Here’s the thing: not all channels are created equally. Pumping money into your best channels is like putting your chips on the winning horse. Franklin was onto something with that “investment in knowledge” quote. Adobe even found that brands focusing on top channels see a 28% better ROI.
Frequently Asked Questions (FAQs)
1. How should I split up my digital marketing money?

Don’t just throw cash at everything. Start with channels that give you the most juice for the squeeze—SEO, Google Ads, email. Test small, see what works, then double down. Track your customer acquisition cost (CAC) and put your money where that number’s lowest. Find the sweet spot between quick wins and long-term brand-building—don’t ignore the boring stuff that pays off later.
2. What amount of revenue should actually go to digital marketing?
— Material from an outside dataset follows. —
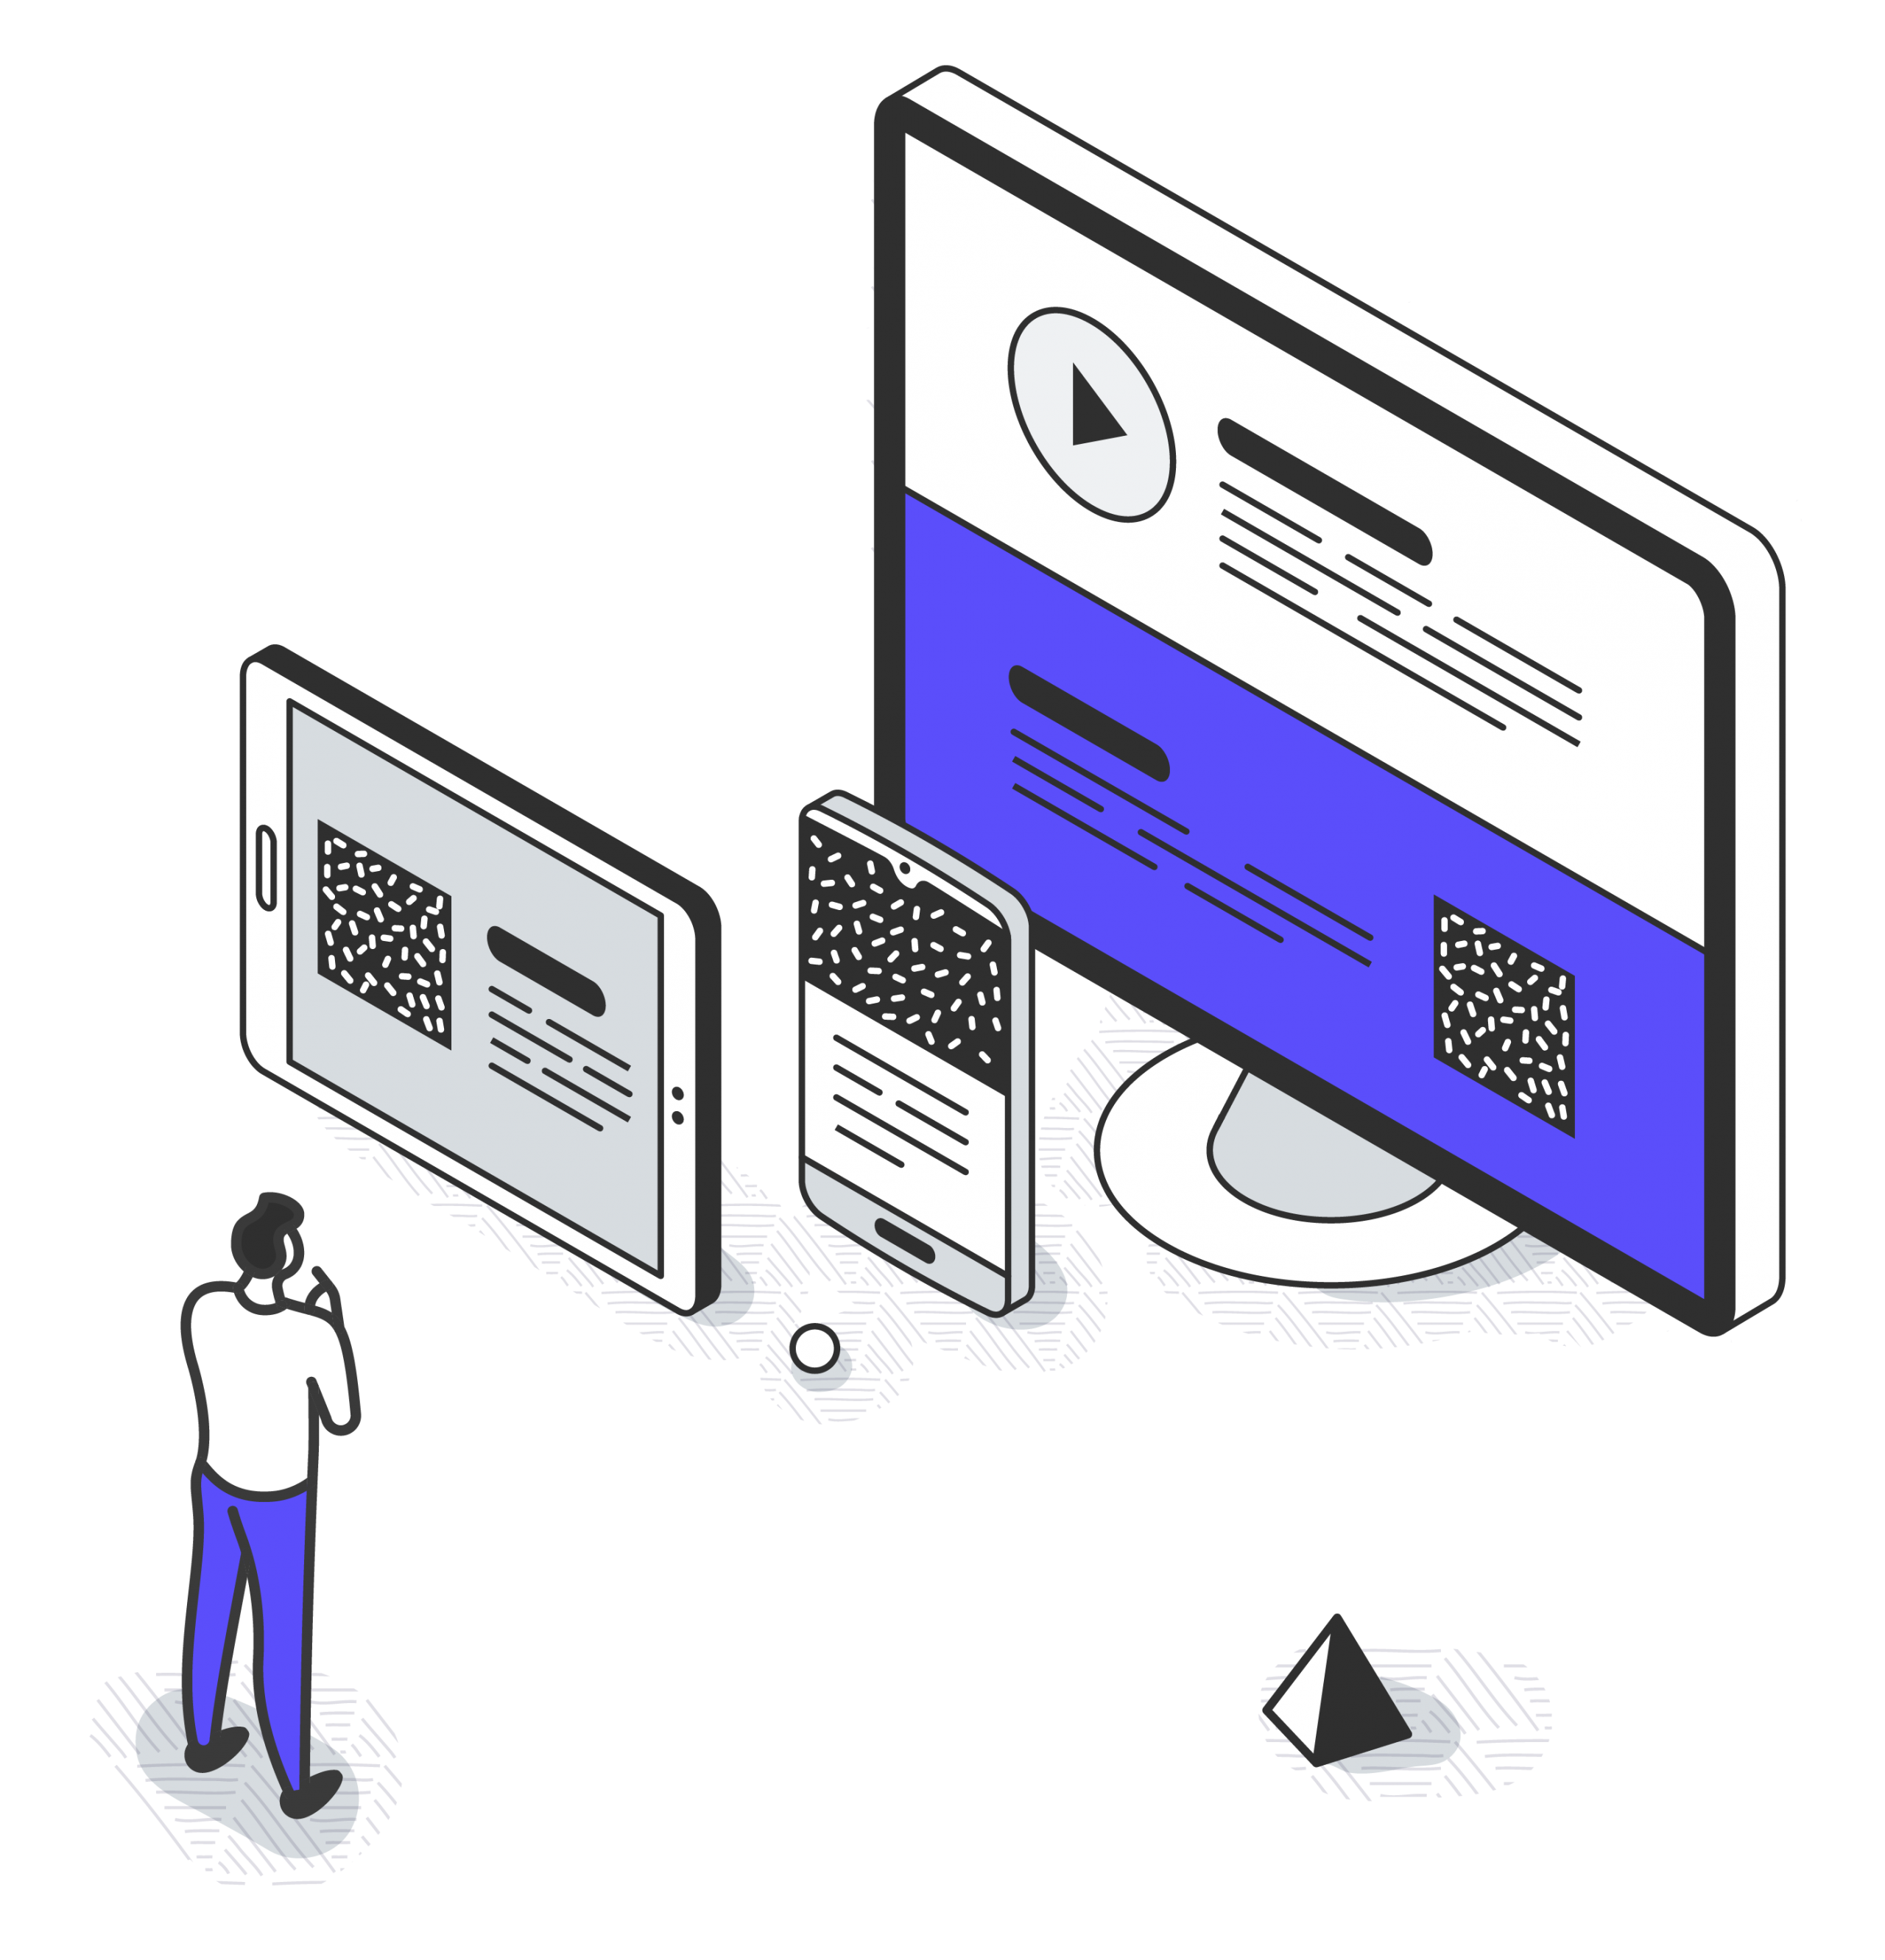 WordPress-powered-websites-digital-markketing-agency-Brisbane-graphic-header2

The usual playbook says 7–12% of gross revenue for marketing. At least half of that should be digital, but hey, if you’re a startup or looking to grow fast, you might wanna push even harder.
3. How do I stop burning cash on useless digital marketing?
Set clear goals and KPIs—know what winning even looks like. Use analytics (Google Analytics, whatever floats your boat) to track what’s actually working, and kill anything that’s just eating money. Automate stuff where you can—PPC bidding, email drips, etc. And don’t be afraid to outsource the one-off projects. Agencies and freelancers are way cheaper than full-time hires for niche stuff.